また、上記ボルト保持手段に上記のごとくマグネットを用いることにより、シンプルな構成で、かつ設備費用の増大を抑えることができる。
【実施例】
【0016】
(実施例1)
本発明の実施例にかかるボルト締付装置1及びボルト締付方法について、図1〜図15を用いて説明する。

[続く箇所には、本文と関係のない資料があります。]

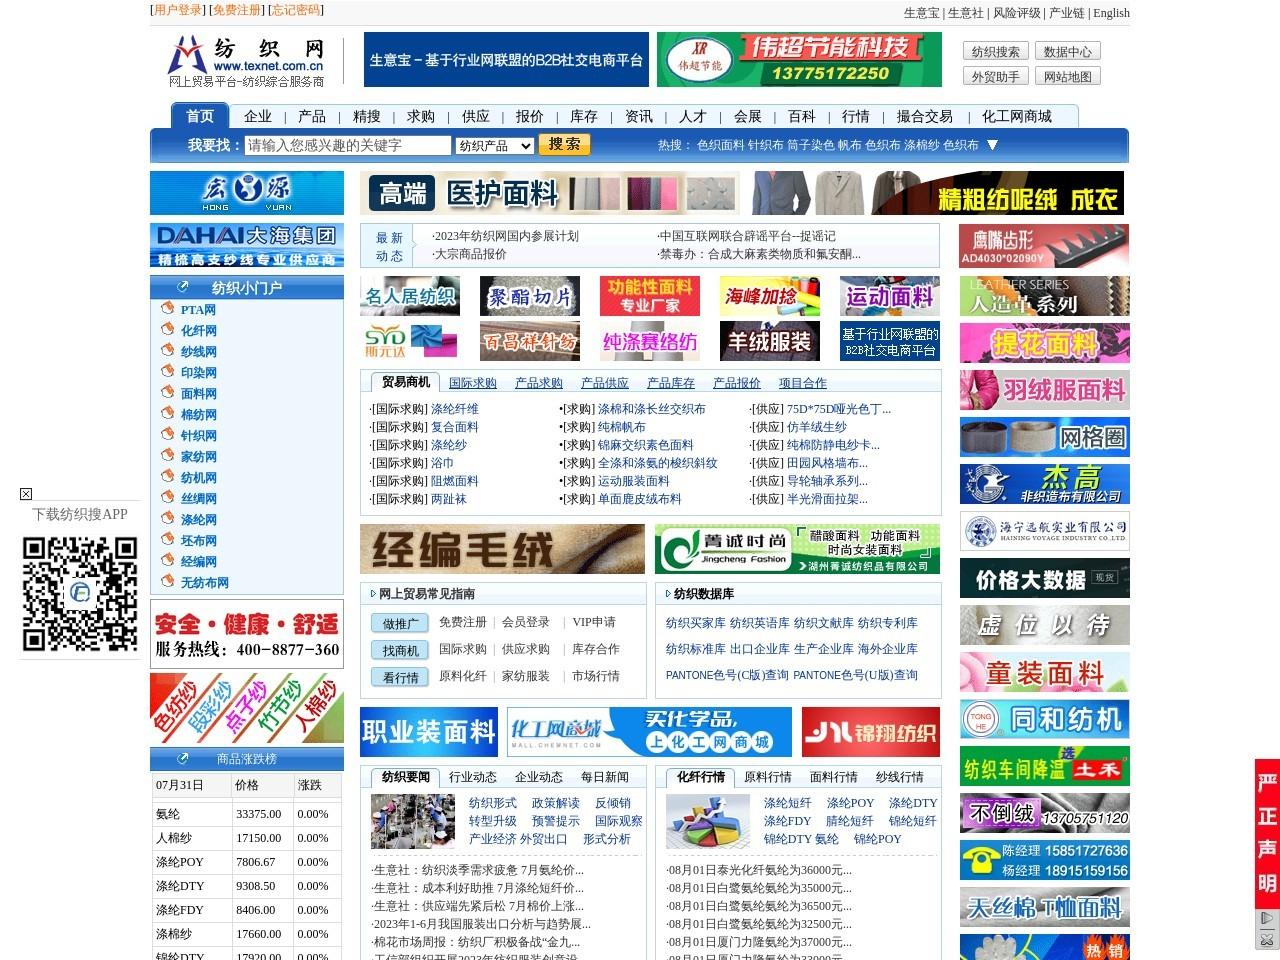 纺织网_纺织网上贸易平台_纺织综合服务商

本例のボルト締付装置1は、図1に示すごとく、モータ11によって回転する回転主軸12と、
該回転主軸12に装着され、ボルト7の頭部71に嵌合しボルト7を保持する嵌合凹部131を下端部に有するソケット13と、該ソケット13をその軸方向に下降させるソケット下降手段2とを有している。また、ボルト締付装置1は、ソケット13を挿通可能な円筒形状を有するソケットガイド14と、上記ソケットガイド14を上記ソケット13の軸方向に下降させるガイド下降手段3と、下方に向けて縮径するガイド穴162を有するボルトガイド16とを備えている。
【0017】
ソケット13の上記嵌合凹部131には、ボルト7を保持するためのボルト保持手段を有している。また、ボルトガイド16は、複数のガイド部161を合わせて上記ガイド穴162を形成している。
上記複数のガイド部161は、上記ガイド穴162のテーパ内壁面163に、上記ボルト保持手段により上記嵌合凹部131に保持されたボルト7の頭部71を受け、上記ガイド下降手段3によって下降させる上記ソケットガイド14の下端によって上記テーパ内壁面163が押されて上記ガイド穴162を拡径させるよう構成してある。
【0018】
以下、本例に示すボルト締付装置1について、詳細に説明する。
本例においては、ボルト締付対象8が配された側を下方とし、その反対側を上方とする。また、ソケット13において、ボルト締付対象8に対向する側を先端とし、その反対側を基端とする。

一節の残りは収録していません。